[Dataset items]
....................
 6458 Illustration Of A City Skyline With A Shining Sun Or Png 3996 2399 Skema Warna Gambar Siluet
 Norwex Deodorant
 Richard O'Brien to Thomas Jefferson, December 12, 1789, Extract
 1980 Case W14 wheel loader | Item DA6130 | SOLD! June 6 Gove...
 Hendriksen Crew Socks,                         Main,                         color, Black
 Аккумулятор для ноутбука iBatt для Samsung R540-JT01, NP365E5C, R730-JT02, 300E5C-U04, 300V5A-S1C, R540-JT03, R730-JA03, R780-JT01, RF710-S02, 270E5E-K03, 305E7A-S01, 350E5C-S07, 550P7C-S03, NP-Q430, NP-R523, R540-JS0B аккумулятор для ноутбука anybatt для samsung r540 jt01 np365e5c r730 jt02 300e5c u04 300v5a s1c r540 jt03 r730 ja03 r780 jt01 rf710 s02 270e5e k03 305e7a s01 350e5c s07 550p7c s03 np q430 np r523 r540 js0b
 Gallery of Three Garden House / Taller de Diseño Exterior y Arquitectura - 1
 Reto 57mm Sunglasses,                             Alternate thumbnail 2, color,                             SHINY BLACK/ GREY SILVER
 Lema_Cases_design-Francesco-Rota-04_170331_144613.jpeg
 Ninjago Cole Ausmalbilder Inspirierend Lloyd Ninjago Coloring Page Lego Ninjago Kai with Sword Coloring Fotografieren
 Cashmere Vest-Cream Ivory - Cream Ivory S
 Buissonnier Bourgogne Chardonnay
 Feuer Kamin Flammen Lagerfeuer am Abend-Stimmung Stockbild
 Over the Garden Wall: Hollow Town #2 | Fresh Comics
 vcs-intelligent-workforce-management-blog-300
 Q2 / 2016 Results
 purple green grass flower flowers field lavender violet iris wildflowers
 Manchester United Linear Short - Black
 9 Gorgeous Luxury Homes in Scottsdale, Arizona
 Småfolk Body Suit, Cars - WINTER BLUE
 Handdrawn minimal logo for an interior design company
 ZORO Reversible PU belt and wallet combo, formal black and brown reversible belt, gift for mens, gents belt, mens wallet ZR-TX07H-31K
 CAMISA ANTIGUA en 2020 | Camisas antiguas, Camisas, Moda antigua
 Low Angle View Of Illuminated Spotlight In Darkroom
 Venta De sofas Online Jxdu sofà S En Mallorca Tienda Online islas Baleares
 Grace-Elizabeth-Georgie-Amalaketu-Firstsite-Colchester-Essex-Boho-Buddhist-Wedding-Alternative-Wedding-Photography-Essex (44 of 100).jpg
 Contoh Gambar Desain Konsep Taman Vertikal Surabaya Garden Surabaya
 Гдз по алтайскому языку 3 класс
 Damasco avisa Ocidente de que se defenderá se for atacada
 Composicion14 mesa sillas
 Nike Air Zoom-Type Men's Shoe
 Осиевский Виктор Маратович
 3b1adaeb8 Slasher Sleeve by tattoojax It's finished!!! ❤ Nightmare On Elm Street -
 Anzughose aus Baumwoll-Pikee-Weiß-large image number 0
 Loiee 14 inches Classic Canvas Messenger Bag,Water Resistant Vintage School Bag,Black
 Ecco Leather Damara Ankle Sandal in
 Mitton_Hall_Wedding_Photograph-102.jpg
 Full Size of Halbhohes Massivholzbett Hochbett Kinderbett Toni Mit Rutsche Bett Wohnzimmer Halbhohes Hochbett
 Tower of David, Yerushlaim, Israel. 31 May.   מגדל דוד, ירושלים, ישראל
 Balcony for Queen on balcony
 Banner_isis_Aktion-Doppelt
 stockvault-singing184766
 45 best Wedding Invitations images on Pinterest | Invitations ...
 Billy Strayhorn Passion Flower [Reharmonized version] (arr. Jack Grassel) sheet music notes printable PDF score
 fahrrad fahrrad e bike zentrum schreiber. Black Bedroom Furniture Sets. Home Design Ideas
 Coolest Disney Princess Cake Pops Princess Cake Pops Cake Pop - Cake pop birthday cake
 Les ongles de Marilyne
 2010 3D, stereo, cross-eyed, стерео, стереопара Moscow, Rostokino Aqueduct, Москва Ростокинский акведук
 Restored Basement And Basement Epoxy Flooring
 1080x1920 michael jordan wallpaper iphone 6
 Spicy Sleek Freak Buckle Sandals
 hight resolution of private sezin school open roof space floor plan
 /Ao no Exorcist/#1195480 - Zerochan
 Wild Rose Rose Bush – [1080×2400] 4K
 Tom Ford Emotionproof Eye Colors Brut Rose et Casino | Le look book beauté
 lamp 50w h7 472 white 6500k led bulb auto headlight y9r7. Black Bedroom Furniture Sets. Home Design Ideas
....................
Gather every line from the entries above where the word "Rose" appears, and copy them.

• _YOUR SOLUTION_
 Wild Rose Rose Bush – [1080×2400] 4K
 Tom Ford Emotionproof Eye Colors Brut Rose et Casino | Le look book beauté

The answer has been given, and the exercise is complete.